Problem statement: Below are the entries; give again exactly the lines from the one mentioning "Hermès rings 925 10.2g Silver" through the one mentioning "she-devel.com logo", inclusive.

Task material:
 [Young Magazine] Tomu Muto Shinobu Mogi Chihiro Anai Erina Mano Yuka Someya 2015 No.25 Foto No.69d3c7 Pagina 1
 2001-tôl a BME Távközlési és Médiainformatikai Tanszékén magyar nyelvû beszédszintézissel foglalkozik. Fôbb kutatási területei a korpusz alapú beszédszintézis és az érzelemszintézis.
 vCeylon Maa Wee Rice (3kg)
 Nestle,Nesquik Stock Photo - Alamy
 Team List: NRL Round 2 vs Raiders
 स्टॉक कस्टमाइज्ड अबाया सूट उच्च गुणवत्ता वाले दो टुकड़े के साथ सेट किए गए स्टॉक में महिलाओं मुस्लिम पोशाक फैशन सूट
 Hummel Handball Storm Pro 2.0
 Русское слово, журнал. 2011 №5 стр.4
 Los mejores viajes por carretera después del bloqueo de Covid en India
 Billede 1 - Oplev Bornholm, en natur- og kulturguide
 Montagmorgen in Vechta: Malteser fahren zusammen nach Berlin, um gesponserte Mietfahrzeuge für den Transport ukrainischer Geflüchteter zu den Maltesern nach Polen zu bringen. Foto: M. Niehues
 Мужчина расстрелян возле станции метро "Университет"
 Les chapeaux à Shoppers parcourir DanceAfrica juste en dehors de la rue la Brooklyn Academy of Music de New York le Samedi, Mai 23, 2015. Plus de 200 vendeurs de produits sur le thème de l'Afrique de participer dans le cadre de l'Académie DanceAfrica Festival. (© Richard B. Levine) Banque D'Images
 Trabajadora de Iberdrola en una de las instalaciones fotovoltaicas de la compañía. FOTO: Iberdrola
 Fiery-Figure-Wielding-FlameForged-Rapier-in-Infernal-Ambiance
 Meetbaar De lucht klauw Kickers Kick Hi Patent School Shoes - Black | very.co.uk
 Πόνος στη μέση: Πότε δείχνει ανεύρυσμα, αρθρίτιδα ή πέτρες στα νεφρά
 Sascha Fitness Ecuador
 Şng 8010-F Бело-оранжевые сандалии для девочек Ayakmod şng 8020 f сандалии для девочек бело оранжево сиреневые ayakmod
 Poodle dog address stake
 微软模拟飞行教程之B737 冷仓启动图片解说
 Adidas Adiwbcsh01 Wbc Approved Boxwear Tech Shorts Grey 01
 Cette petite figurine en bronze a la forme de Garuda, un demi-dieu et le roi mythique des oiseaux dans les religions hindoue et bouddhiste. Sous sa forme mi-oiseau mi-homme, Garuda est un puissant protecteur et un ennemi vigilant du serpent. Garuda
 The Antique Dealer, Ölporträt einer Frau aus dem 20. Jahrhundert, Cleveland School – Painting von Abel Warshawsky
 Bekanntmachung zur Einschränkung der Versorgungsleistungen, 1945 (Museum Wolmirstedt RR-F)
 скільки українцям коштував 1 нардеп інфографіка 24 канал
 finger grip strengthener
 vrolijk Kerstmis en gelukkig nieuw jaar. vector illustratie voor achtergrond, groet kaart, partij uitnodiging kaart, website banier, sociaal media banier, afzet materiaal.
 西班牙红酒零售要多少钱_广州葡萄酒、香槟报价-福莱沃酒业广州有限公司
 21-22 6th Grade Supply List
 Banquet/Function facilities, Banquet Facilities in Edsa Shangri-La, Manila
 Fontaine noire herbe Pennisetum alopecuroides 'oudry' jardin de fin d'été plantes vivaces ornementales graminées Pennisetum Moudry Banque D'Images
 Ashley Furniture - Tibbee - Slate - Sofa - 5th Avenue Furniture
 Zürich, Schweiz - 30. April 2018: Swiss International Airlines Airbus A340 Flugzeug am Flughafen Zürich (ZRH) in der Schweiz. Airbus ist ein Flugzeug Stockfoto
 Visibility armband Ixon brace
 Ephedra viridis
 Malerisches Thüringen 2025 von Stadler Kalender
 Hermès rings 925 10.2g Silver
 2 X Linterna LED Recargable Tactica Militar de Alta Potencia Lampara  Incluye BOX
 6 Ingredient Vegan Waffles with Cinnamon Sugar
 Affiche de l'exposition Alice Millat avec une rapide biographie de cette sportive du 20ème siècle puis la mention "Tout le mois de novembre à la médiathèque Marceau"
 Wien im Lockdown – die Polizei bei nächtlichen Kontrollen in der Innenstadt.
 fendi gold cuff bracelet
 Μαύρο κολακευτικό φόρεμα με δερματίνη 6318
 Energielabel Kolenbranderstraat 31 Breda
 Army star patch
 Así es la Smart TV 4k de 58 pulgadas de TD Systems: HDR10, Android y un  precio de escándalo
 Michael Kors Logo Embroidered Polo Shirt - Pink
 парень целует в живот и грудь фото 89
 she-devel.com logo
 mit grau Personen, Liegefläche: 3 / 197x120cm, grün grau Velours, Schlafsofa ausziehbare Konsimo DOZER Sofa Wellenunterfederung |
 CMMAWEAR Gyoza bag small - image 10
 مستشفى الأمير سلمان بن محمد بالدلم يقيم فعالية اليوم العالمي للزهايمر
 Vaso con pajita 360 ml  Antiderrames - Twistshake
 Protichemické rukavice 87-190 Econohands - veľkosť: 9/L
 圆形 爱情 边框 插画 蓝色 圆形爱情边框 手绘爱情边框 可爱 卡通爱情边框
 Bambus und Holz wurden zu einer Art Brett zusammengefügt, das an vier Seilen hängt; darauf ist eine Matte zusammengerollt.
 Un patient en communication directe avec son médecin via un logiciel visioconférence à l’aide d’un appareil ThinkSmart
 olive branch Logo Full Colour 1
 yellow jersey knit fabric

Solution for this problem:
 Hermès rings 925 10.2g Silver
 2 X Linterna LED Recargable Tactica Militar de Alta Potencia Lampara  Incluye BOX
 6 Ingredient Vegan Waffles with Cinnamon Sugar
 Affiche de l'exposition Alice Millat avec une rapide biographie de cette sportive du 20ème siècle puis la mention "Tout le mois de novembre à la médiathèque Marceau"
 Wien im Lockdown – die Polizei bei nächtlichen Kontrollen in der Innenstadt.
 fendi gold cuff bracelet
 Μαύρο κολακευτικό φόρεμα με δερματίνη 6318
 Energielabel Kolenbranderstraat 31 Breda
 Army star patch
 Así es la Smart TV 4k de 58 pulgadas de TD Systems: HDR10, Android y un  precio de escándalo
 Michael Kors Logo Embroidered Polo Shirt - Pink
 парень целует в живот и грудь фото 89
 she-devel.com logo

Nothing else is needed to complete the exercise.